-- Given information follows --

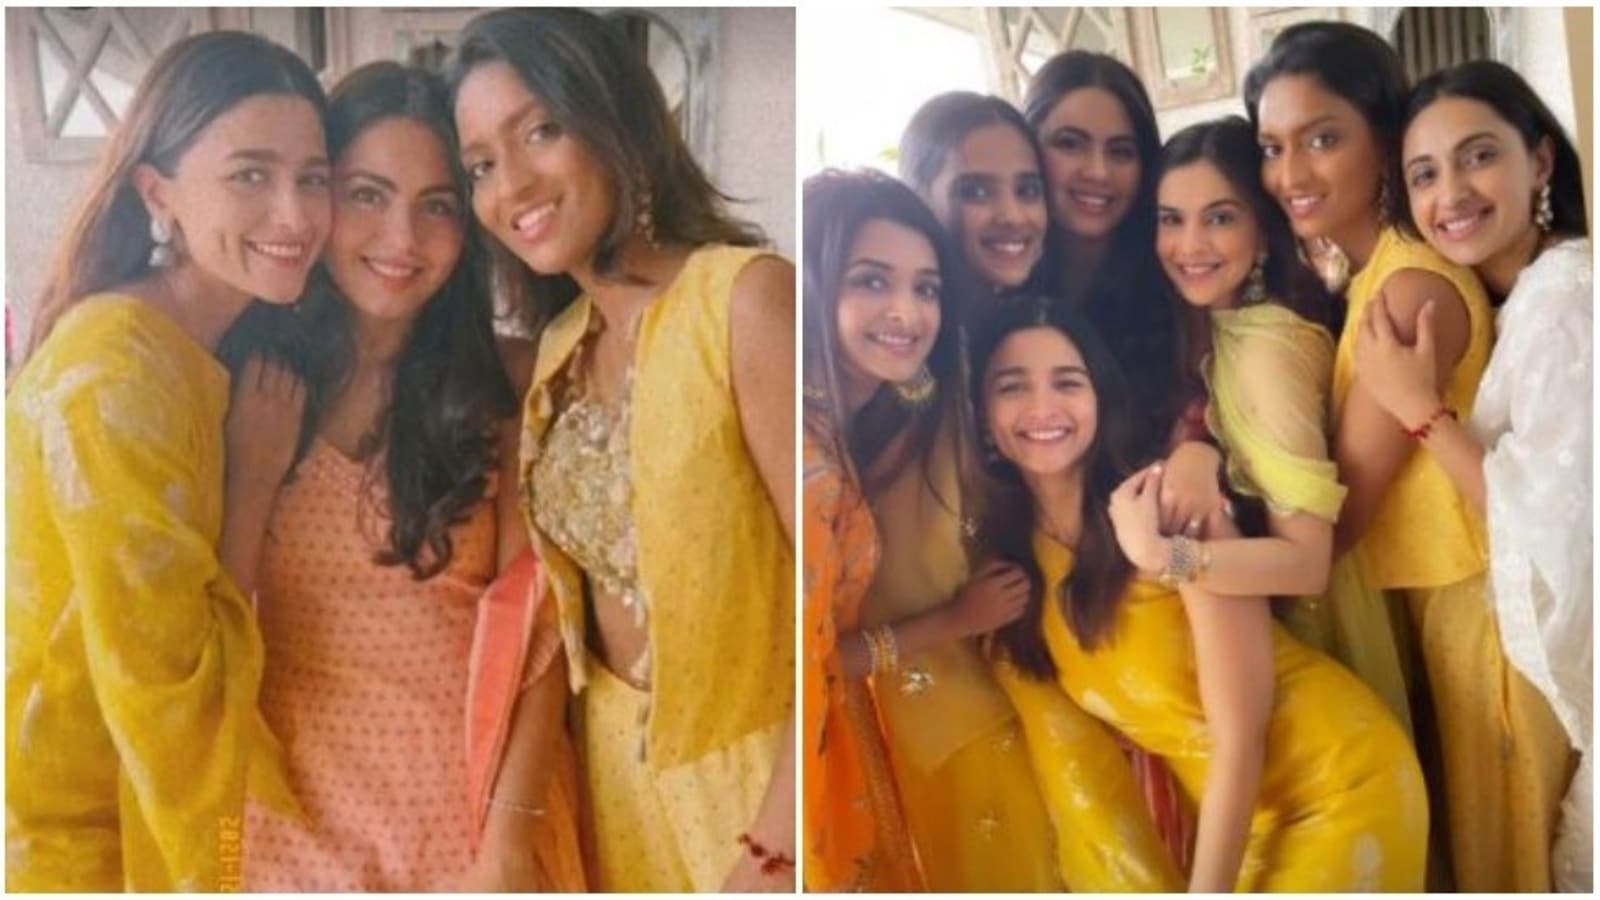 Alia Bhatt Is All Smiles At Friends Haldi Ceremony Poses With Bride To Be And Calls Her ‘sweet
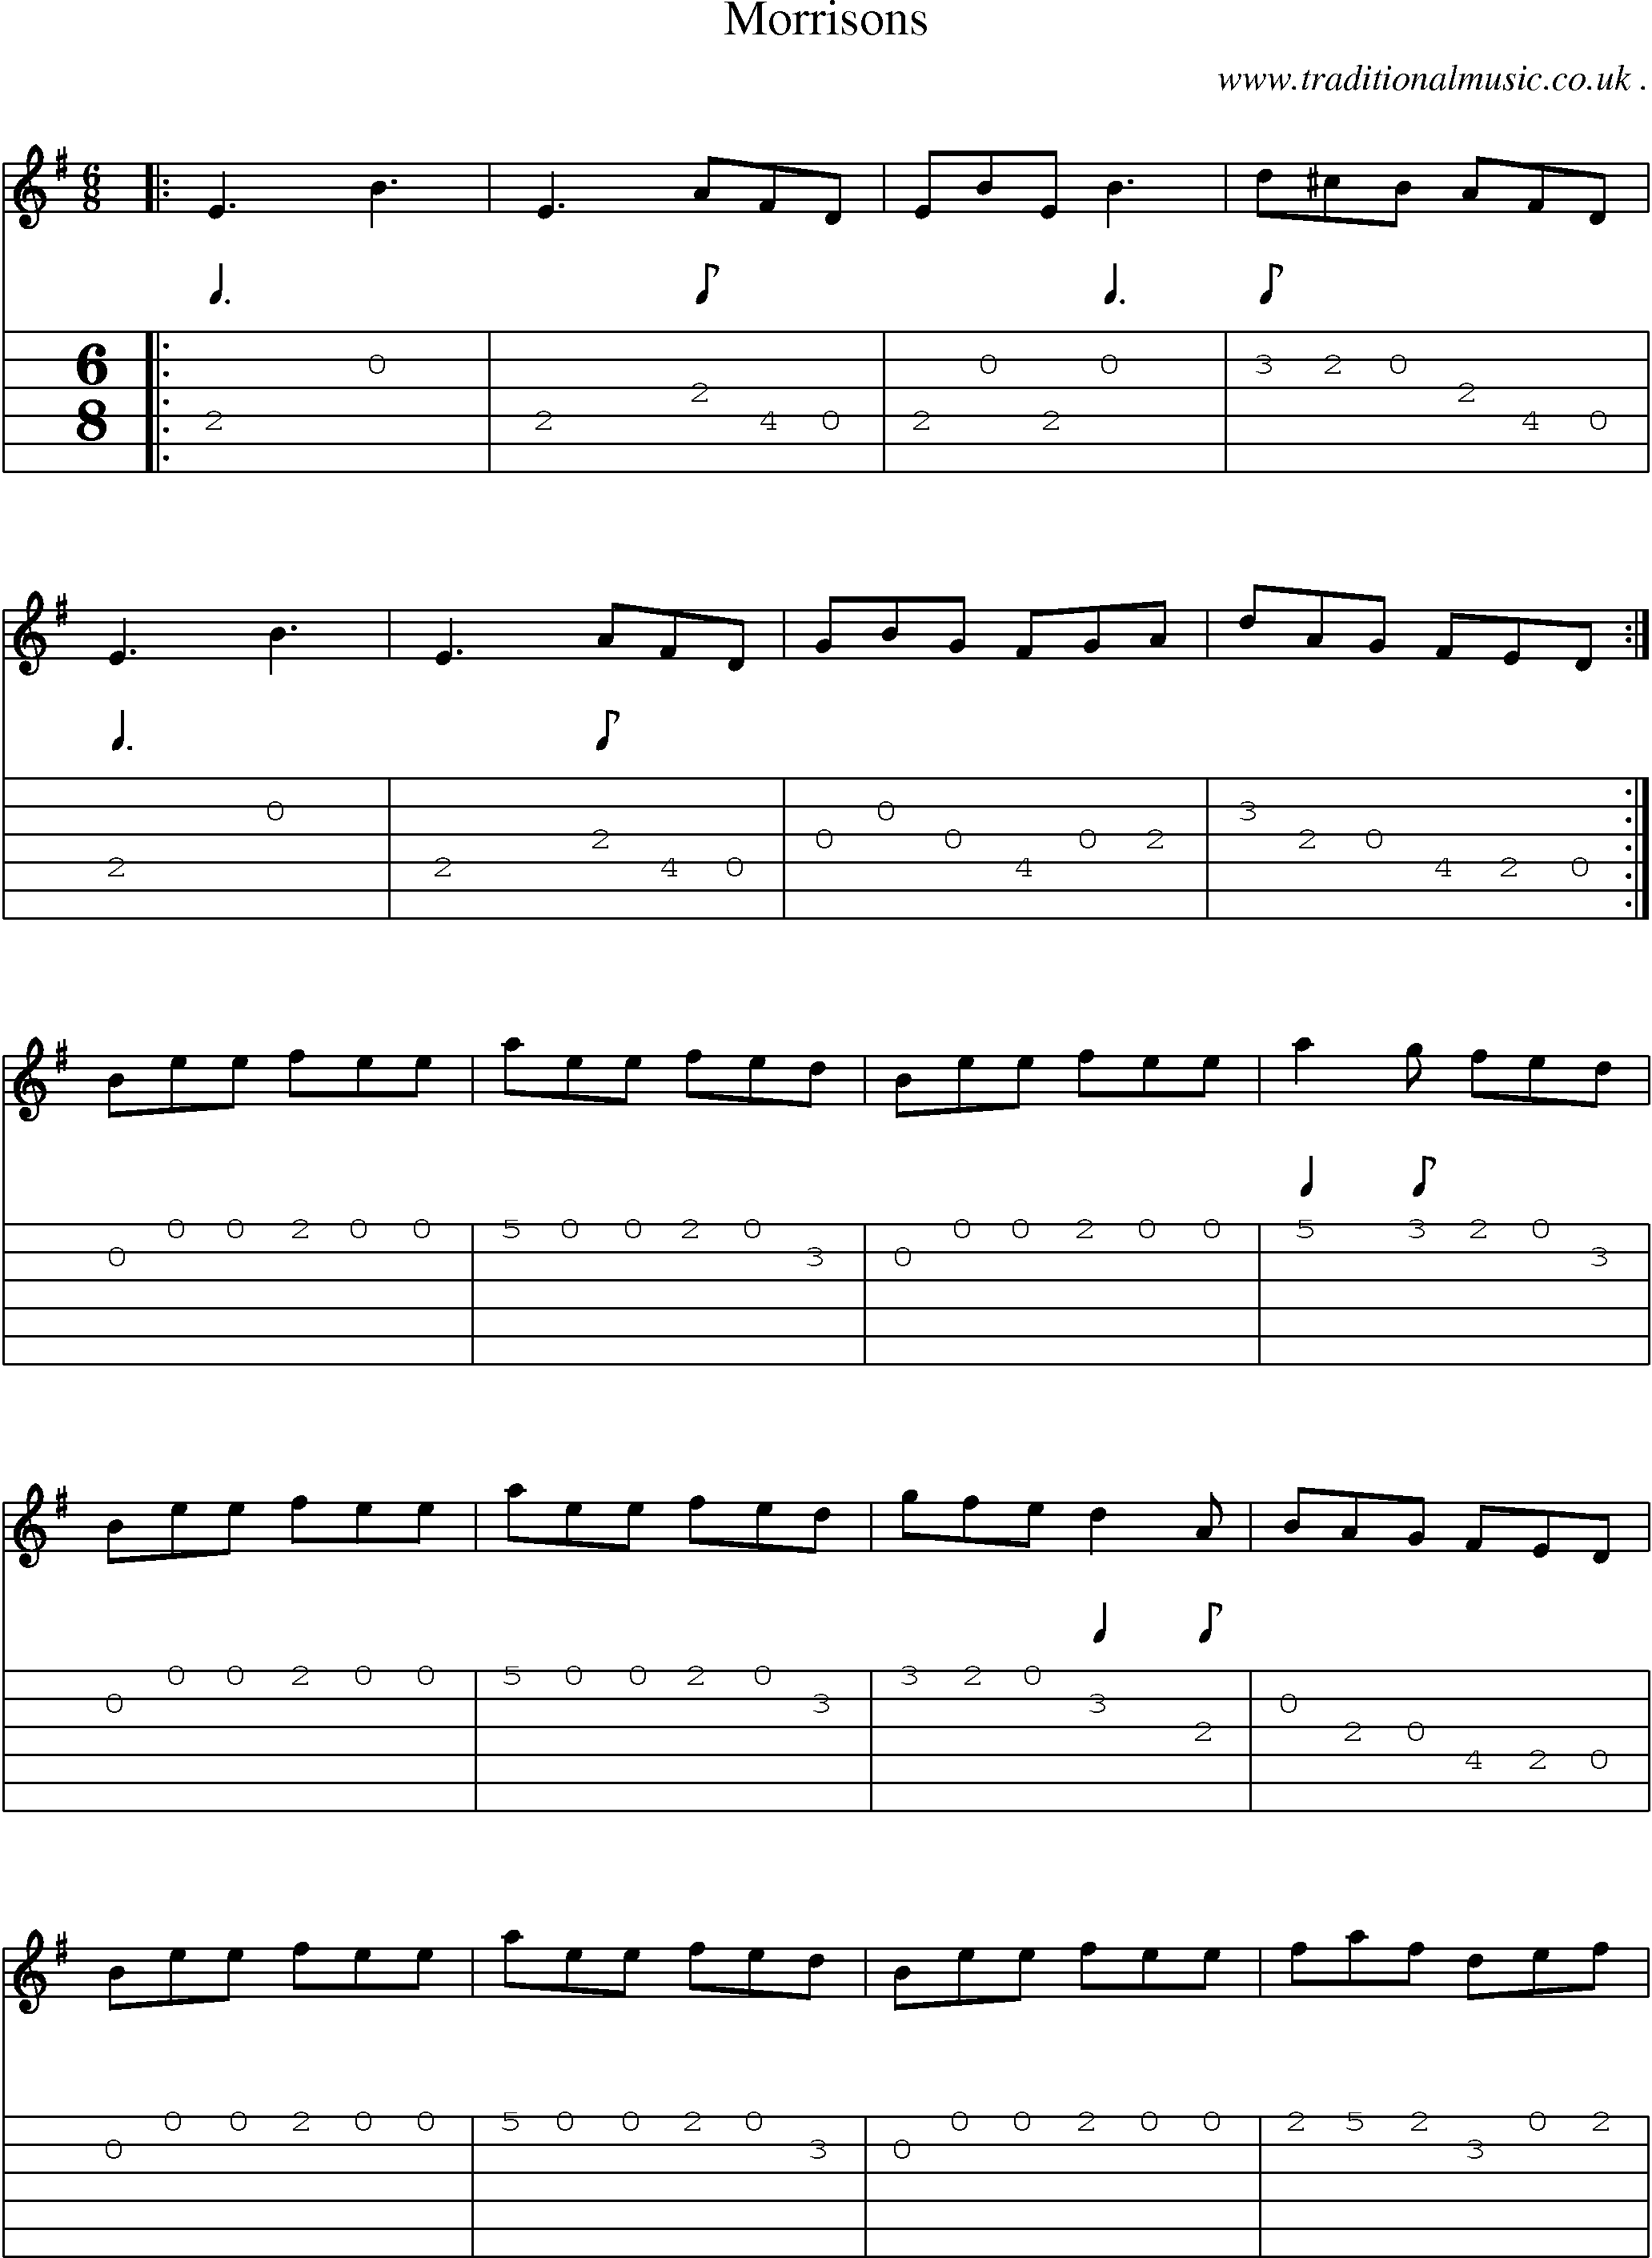 Sheet-Music and Guitar Tabs for Morrisons
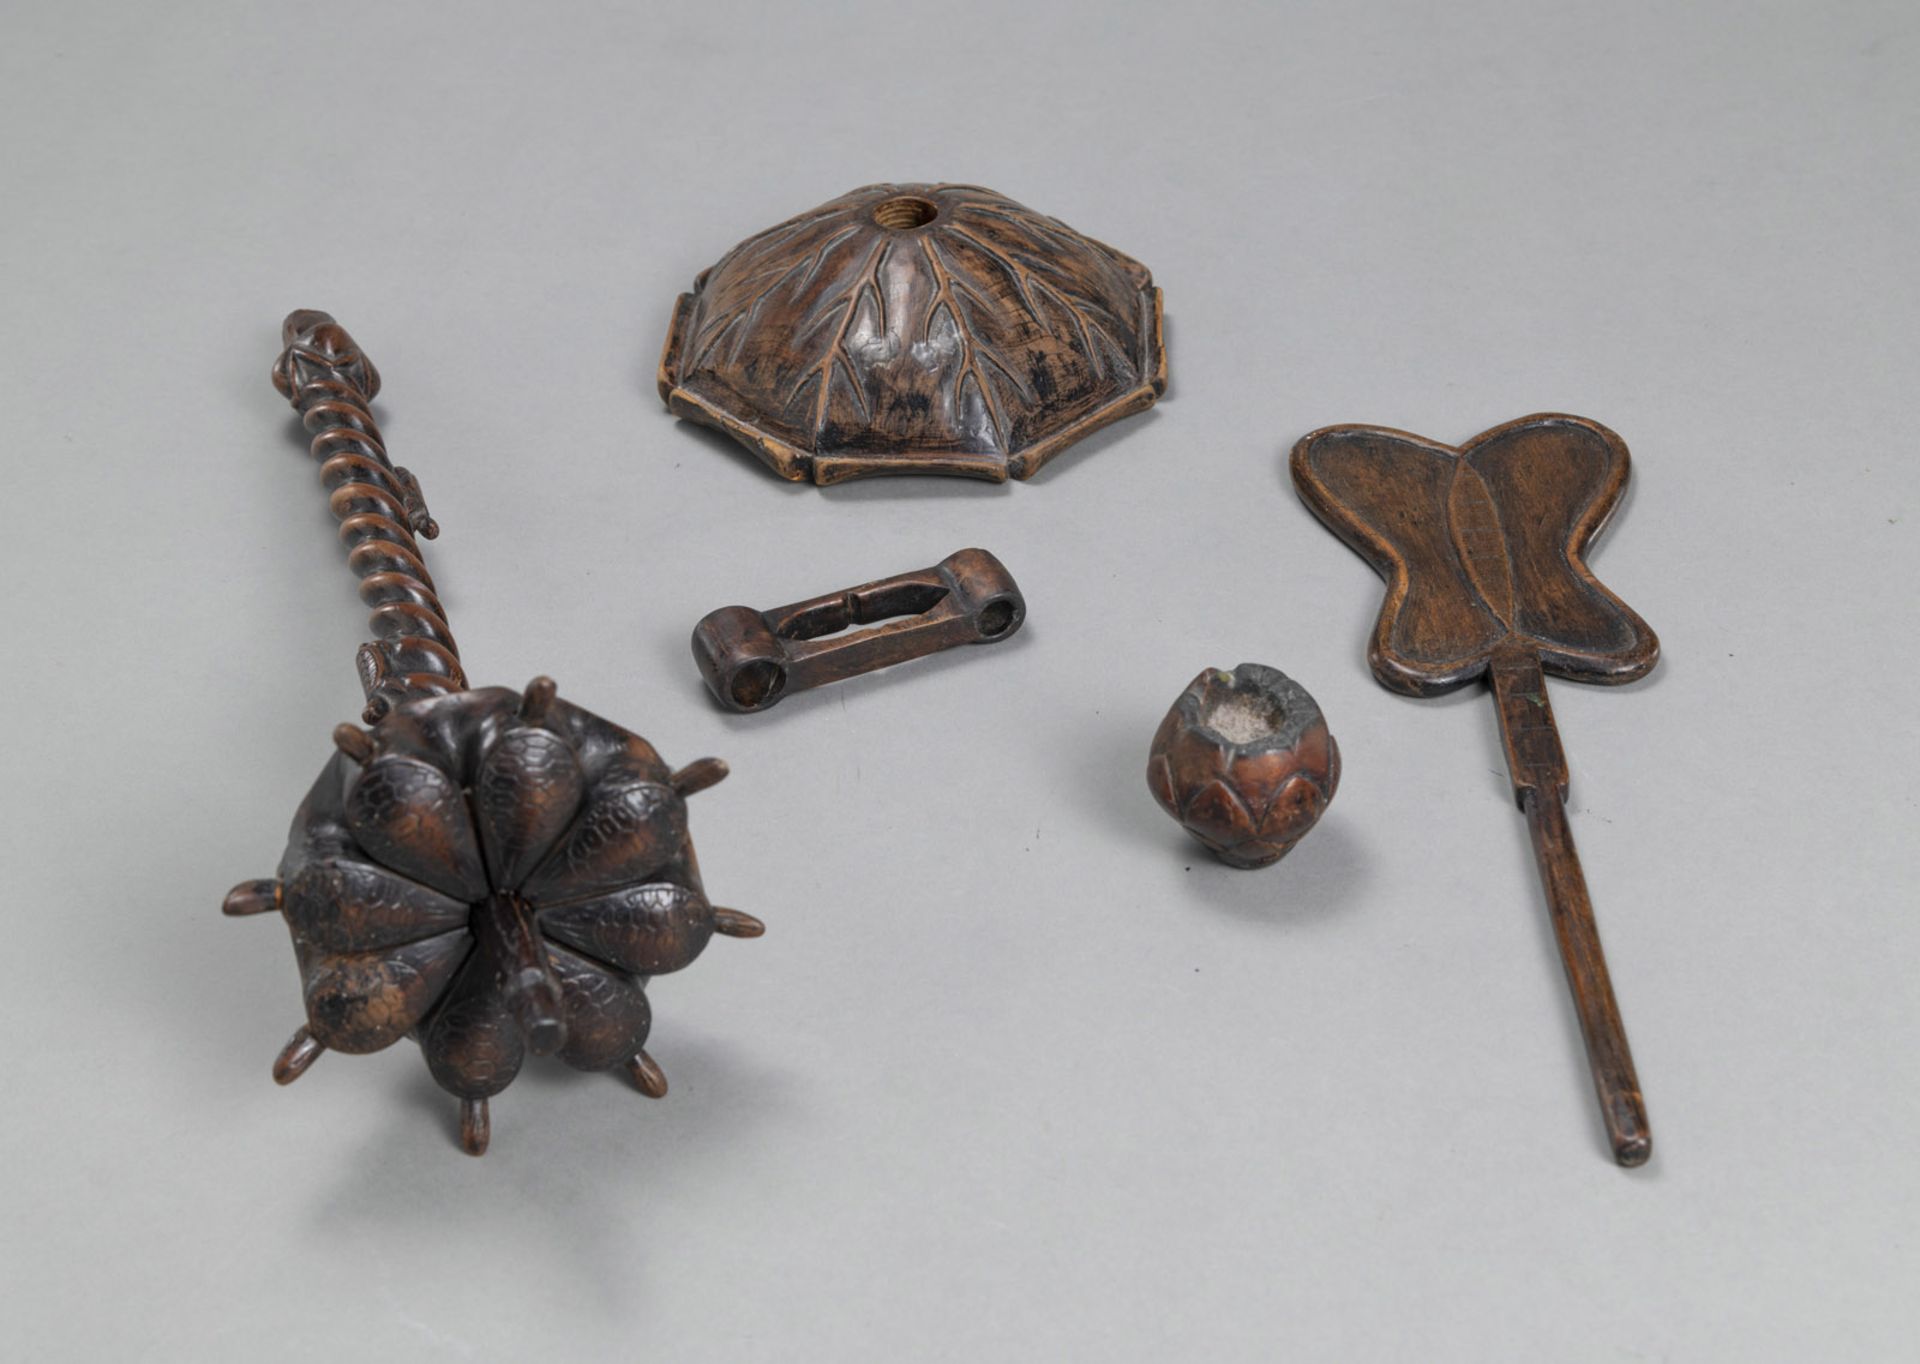 A MULTI-PART WOODEN CANDLESTICK  IN THE SHAPE OF A LOTUS DECORATED WITH SMALL TURTLES AND A LEAF FA - Image 3 of 3

-- Given information concluded --

Work request
Copy out the data verbatim, excluding the pictures.

Result for this exercise
 Alia Bhatt Is All Smiles At Friends Haldi Ceremony Poses With Bride To Be And Calls Her ‘sweet
 Sheet-Music and Guitar Tabs for Morrisons
 A MULTI-PART WOODEN CANDLESTICK  IN THE SHAPE OF A LOTUS DECORATED WITH SMALL TURTLES AND A LEAF FA - Image 3 of 3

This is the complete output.